[Dataset section]
_ _ _

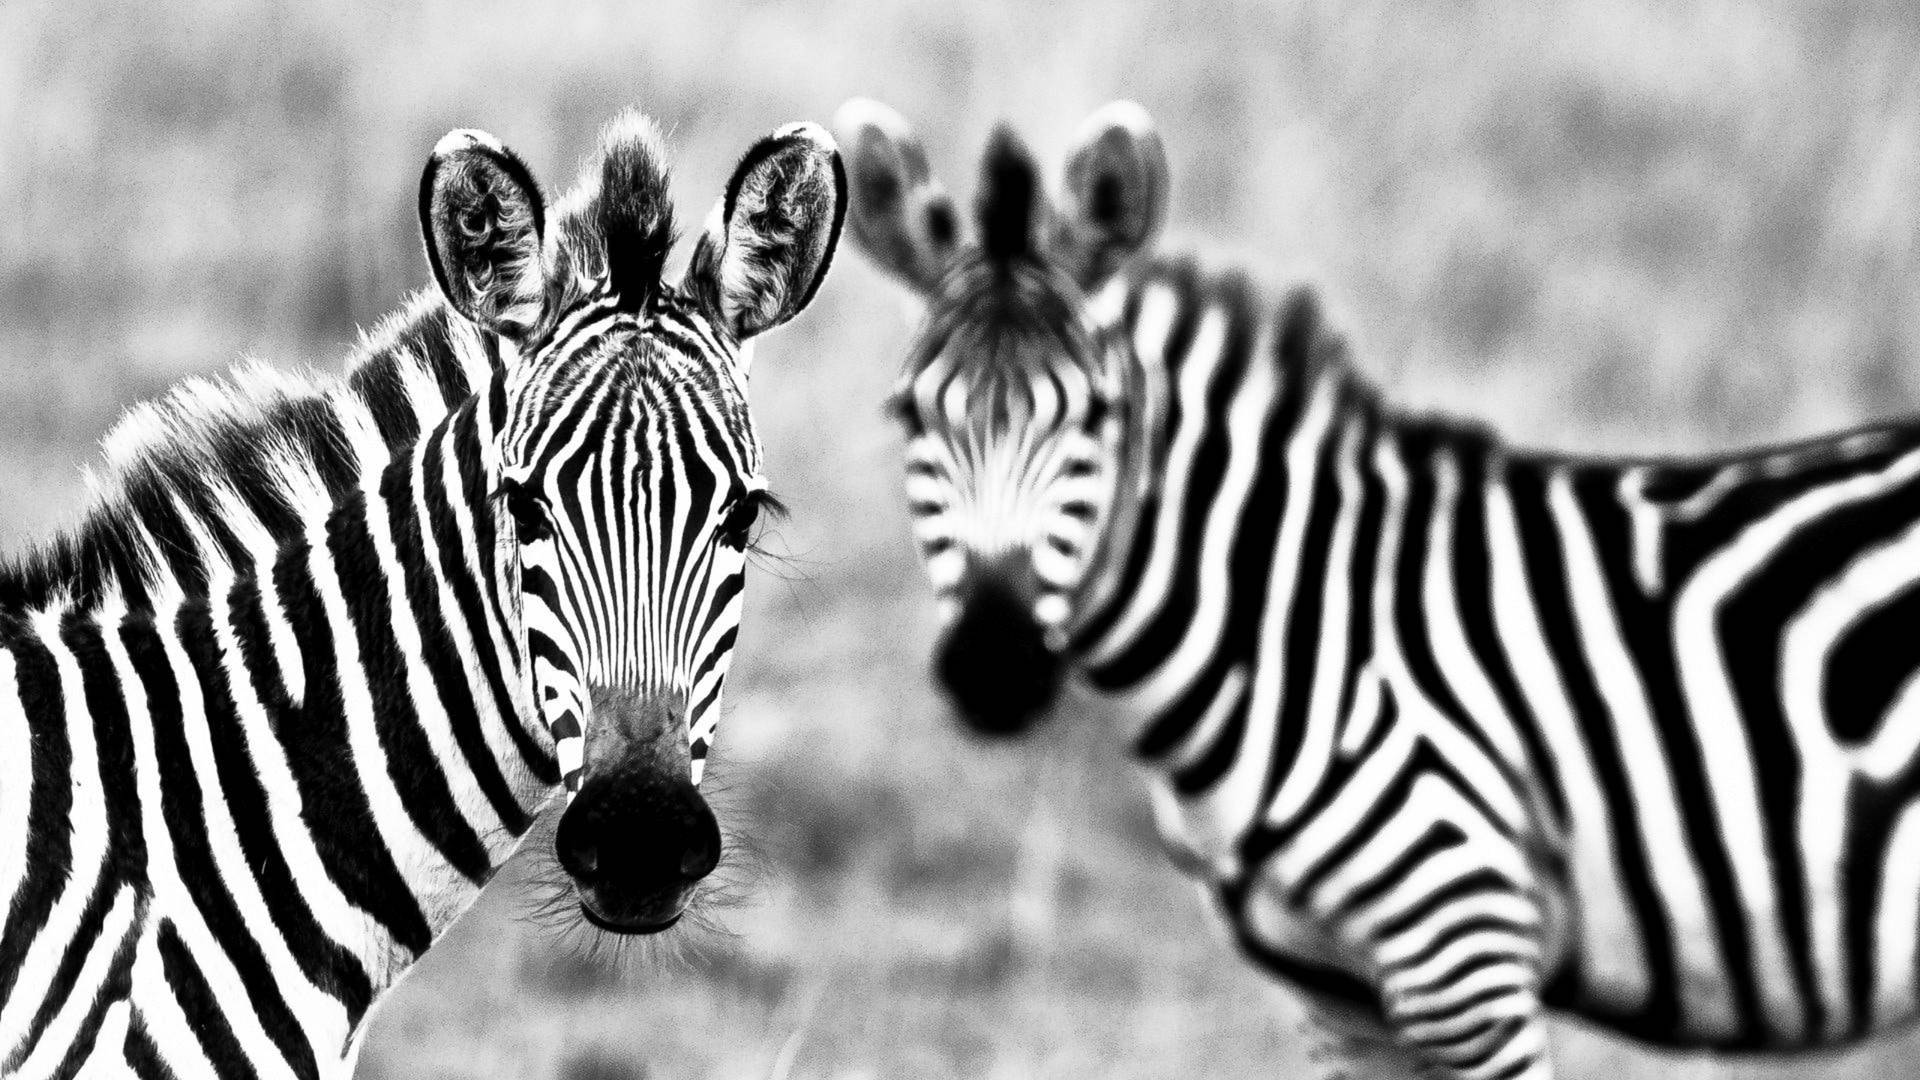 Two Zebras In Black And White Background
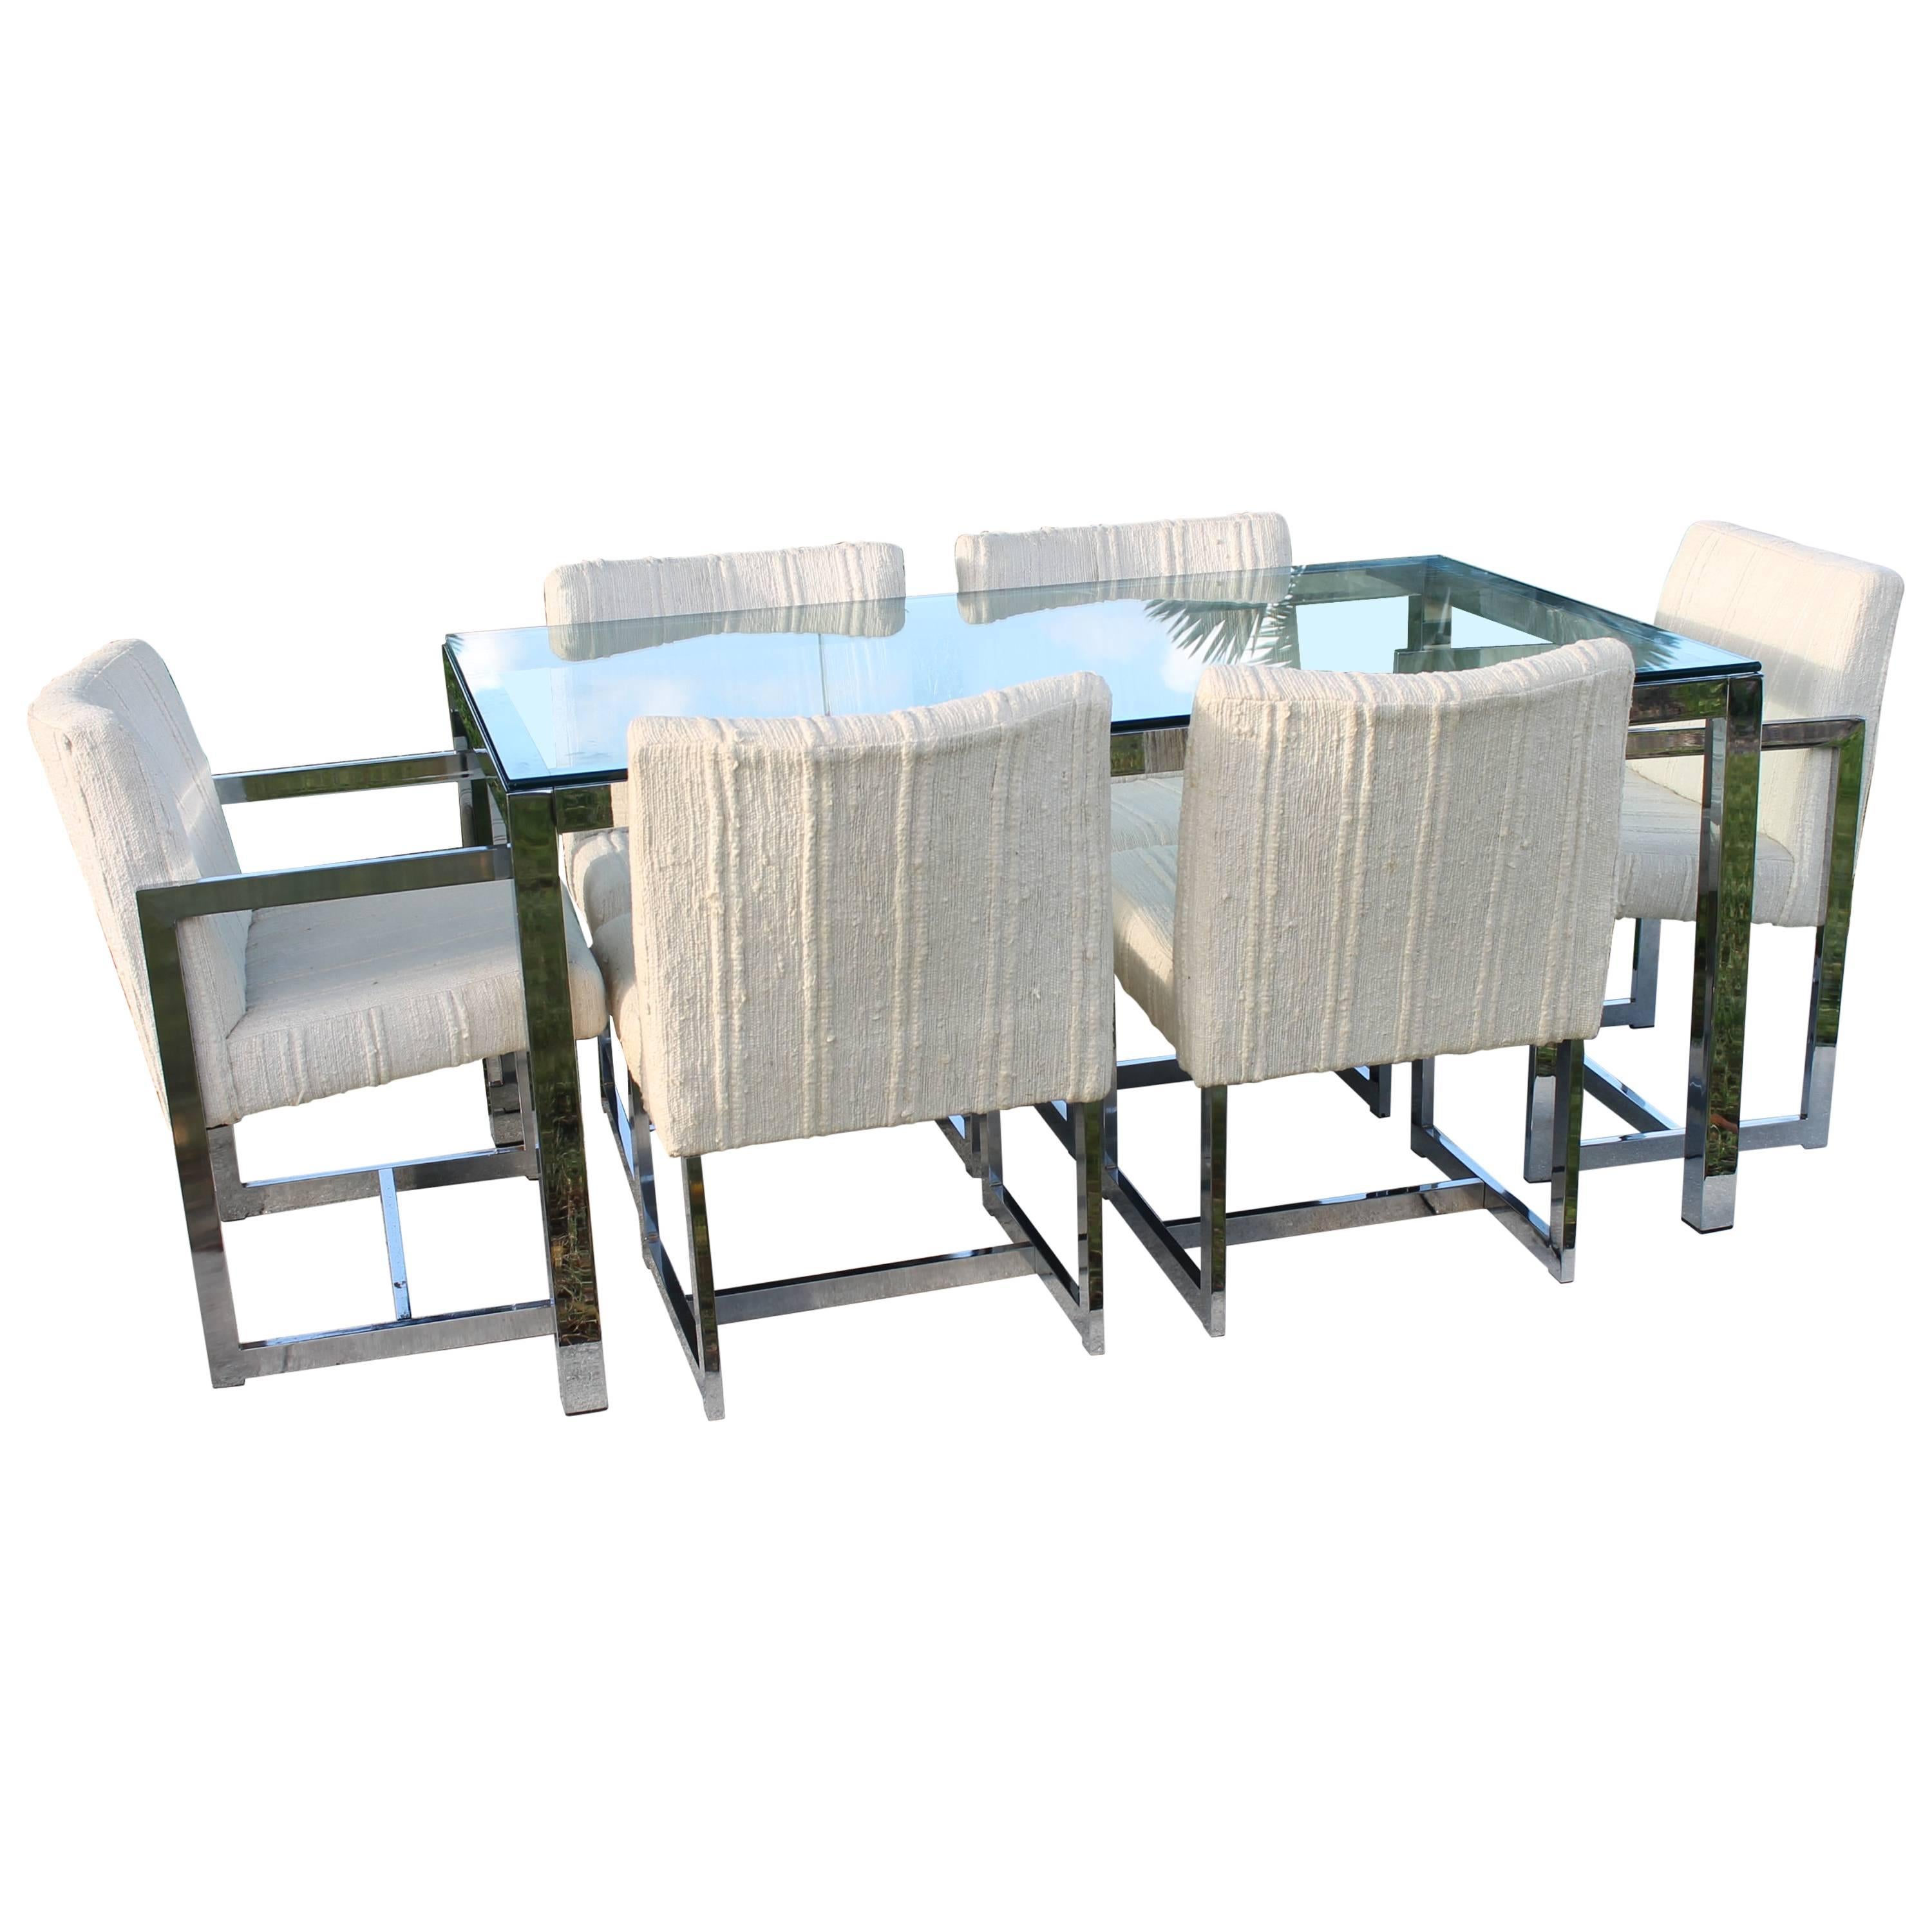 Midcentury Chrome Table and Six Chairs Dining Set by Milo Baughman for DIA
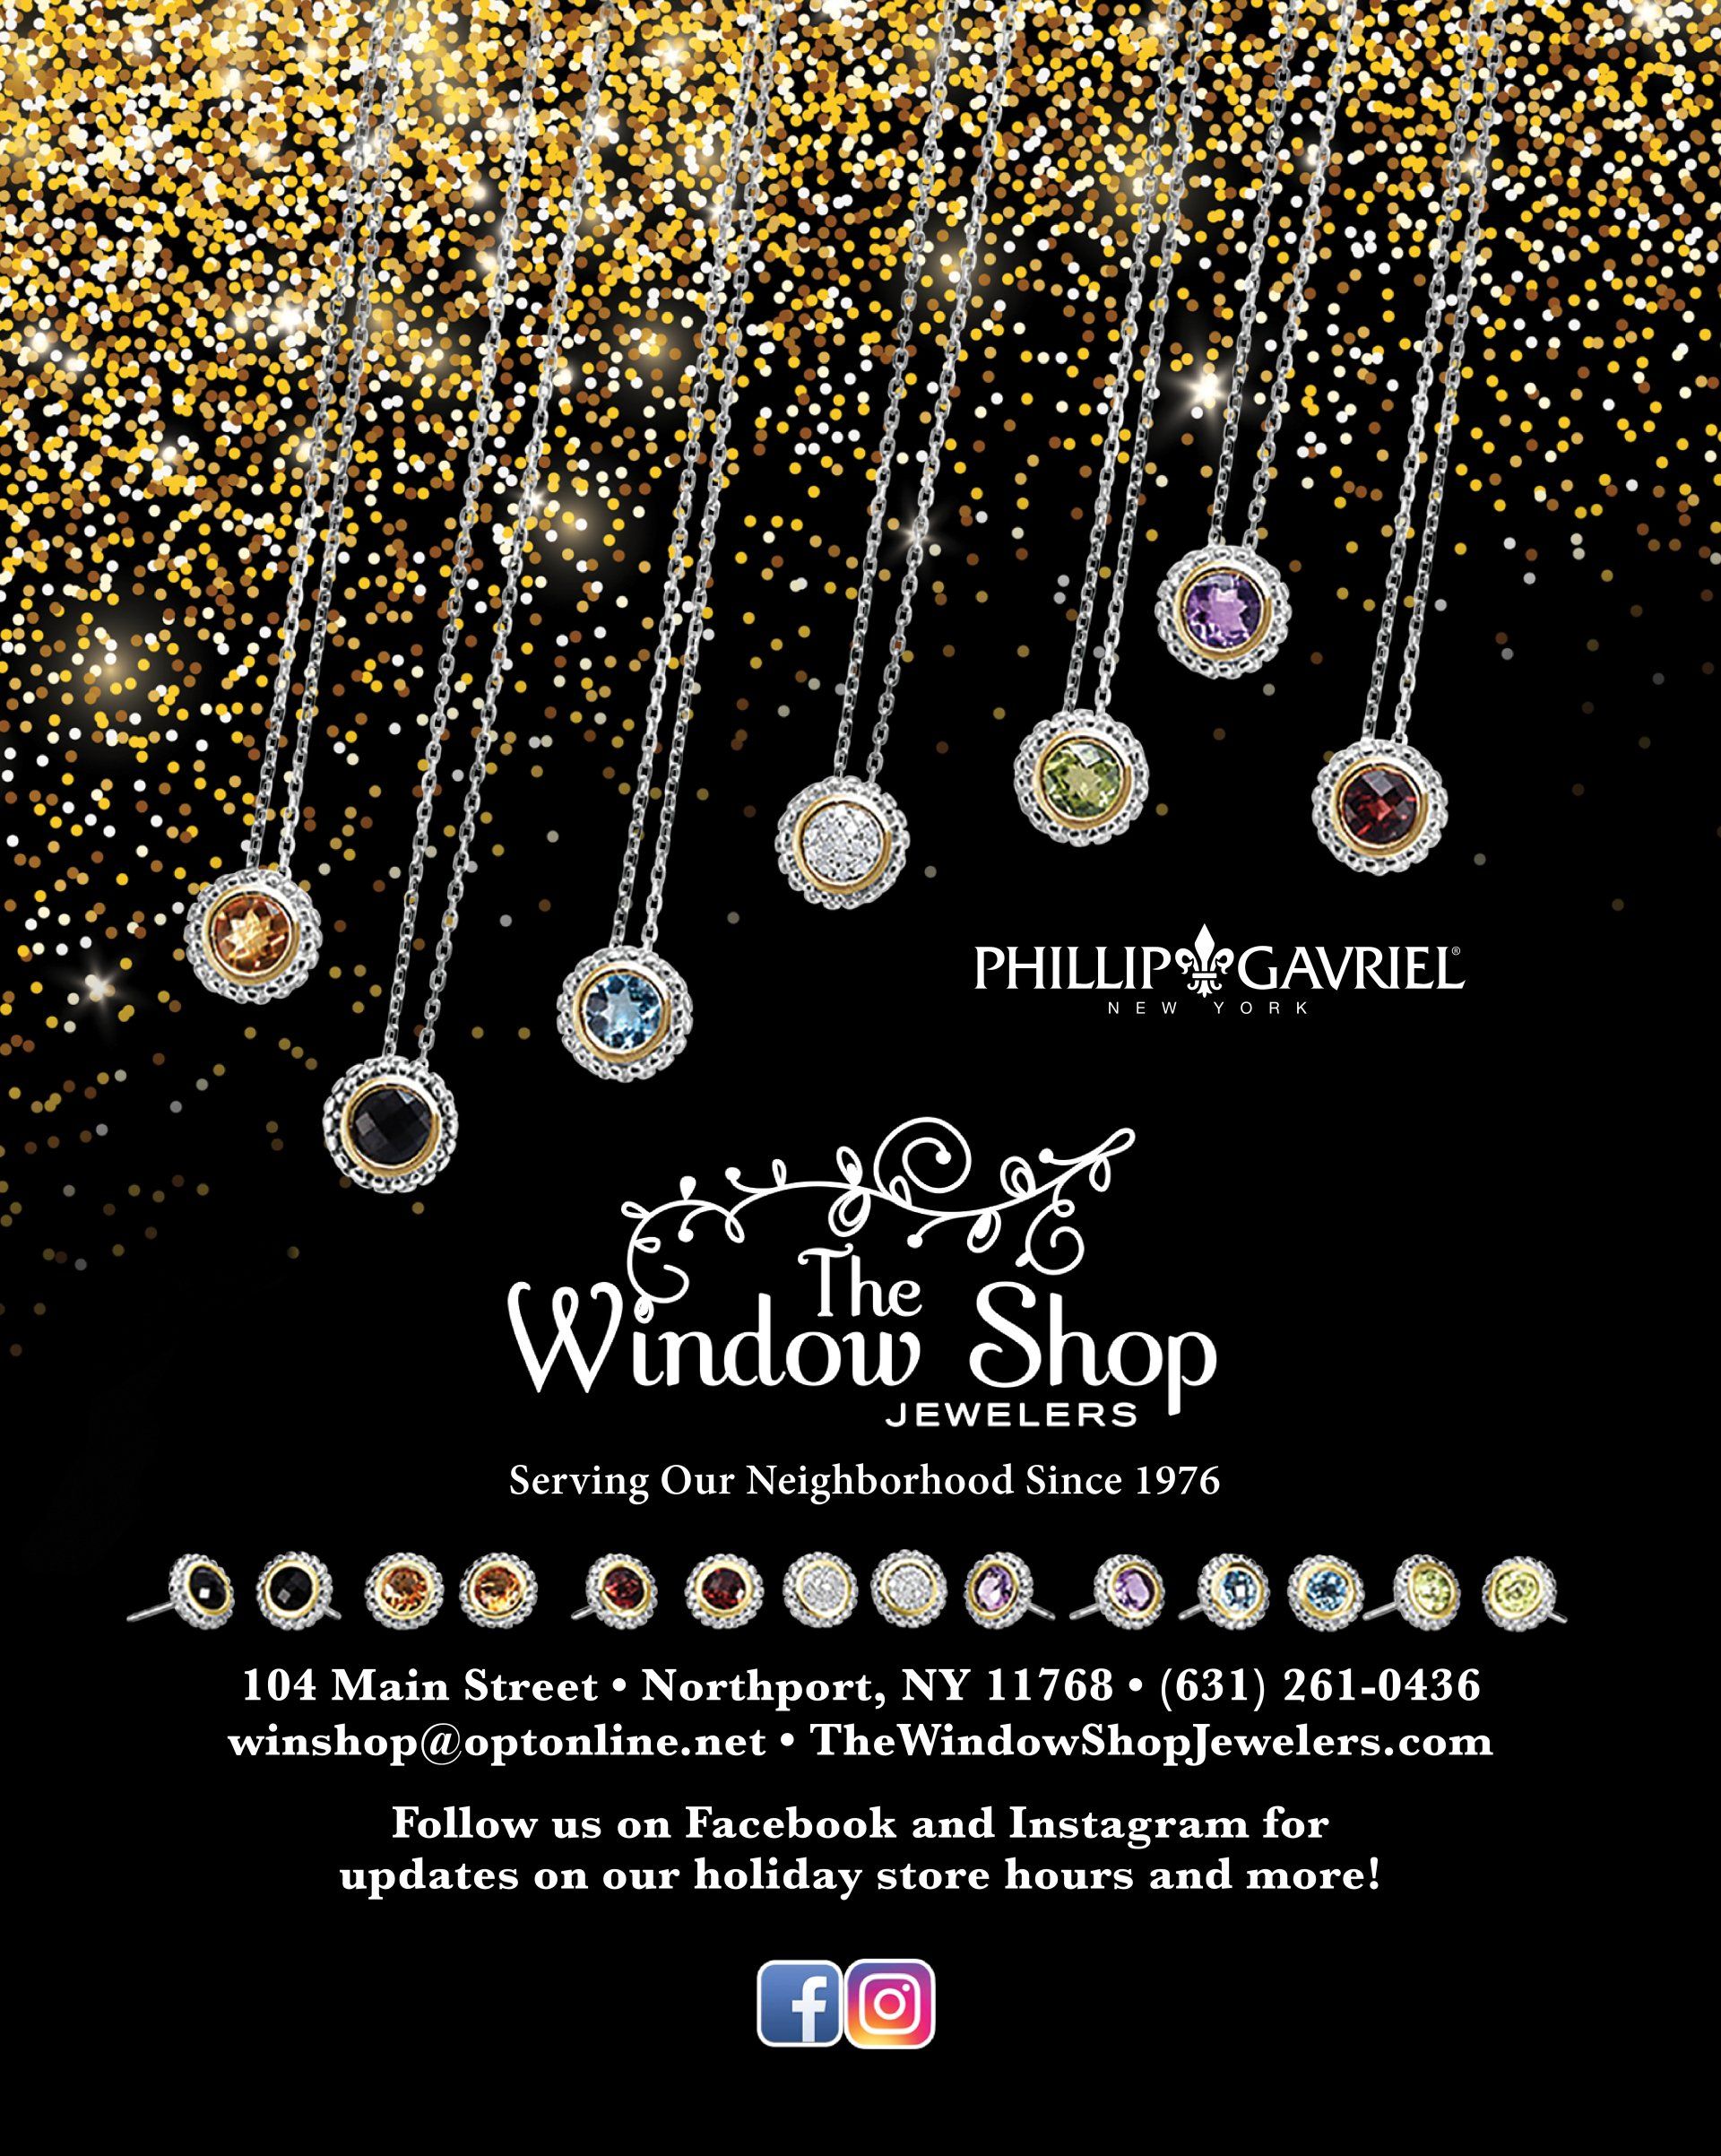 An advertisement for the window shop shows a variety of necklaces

_ _ _

[Exercise goal] Without the pictures, repeat exactly the lines running from the line containing "Midcentury Chrome Table" through the end of the data, both ends included.

[Task answer]
 Midcentury Chrome Table and Six Chairs Dining Set by Milo Baughman for DIA
 An advertisement for the window shop shows a variety of necklaces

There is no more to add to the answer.